Kalkhoven was co-owner of KV Racing Technology, which won the 2013 Indianapolis 500 with Tony Kanaan.
Credit: AP
FILE - In this May 27, 2013, file photo, Tony Kanaan, of Brazil, center, poses with car owners Jimmy Vasser, left, and Kevin Kalkhoven during the tradition photo session for the winner of the Indianapolis 500 auto race at the Indianapolis Motor Speedway in Indianapolis. (AP Photo/Michael Conroy, File)

SPEEDWAY, Ind. — Kevin Kalkhoven, who won the 2013 Indianapolis 500 as a team owner to highlight a distinguished career in auto racing, died Tuesday at the age of 77.

Kalkhoven's first Indy 500 win was also the first 500 win for fan favorite Tony Kanaan, who drove his KV Racing Technology-SH Racing Chevrolet to victory lane. Kalkhoven co-owned the winning team with CART champion Jimmy Vasser.

Kalkhoven owned race teams for more than a decade in both the Champ Car and IndyCar series. In 2003, he was part of a team that purchased the assets of CART and created the Champ Car World Series. Five years later, he worked with then-IndyCar Series and Indianapolis Motor Speedway CEO Tony George to unify North American open-wheel racing following a 12-year split.

“Motorsports has lost one of its true leaders," IMS and IndyCar owner Roger Penske said in a statement. "Kevin Kalkhoven had a great passion for open-wheel racing, and his vision and support helped guide the sport through some turbulent times. As a leader of the Champ Car World Series, Cosworth Engineering and the KV Racing Technology team, Kevin had an incredible impact on INDYCAR. Our thoughts are with the Kalkhoven family and Kevin’s many friends and colleagues that are coping with his loss.”

Credit: AP
FILE - In this Oct. 23, 2004, file photo, PKV Champ Car racing team owner Kevin Kalkhoven, right, embraces his U.S. driver Jimmy Vasser after receiving a special drivers helmet from Vasser after qualifying at the Lexmark Indy 300, on Australia's Gold Coast. (AP Photo/Mark Baker, File)
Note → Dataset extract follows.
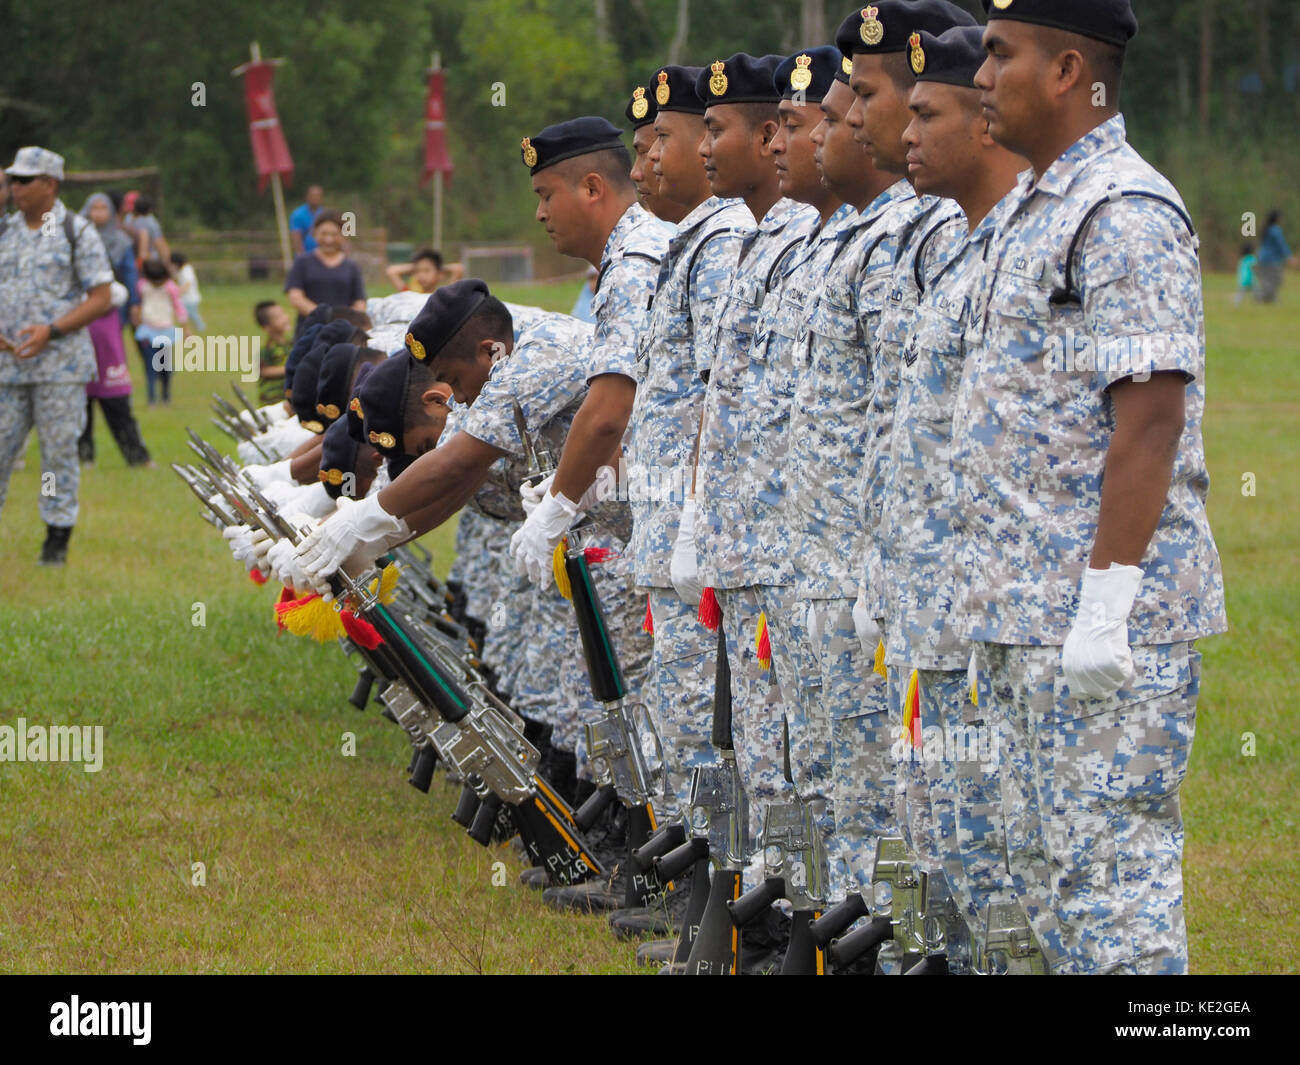 Exposición de perforación silenciosa por la Marina Real de Malasia desde Lumut equipo base en Malasia. Foto de stock

A native Australian, Kalkhoven was a successful business executive in fiber-optic telecommunications networks and as a venture capitalist before he got involved in racing. His notable philanthropic work included serving on the board of directors of the Association of Hole in the Wall Camps, benefitting children with serious illnesses.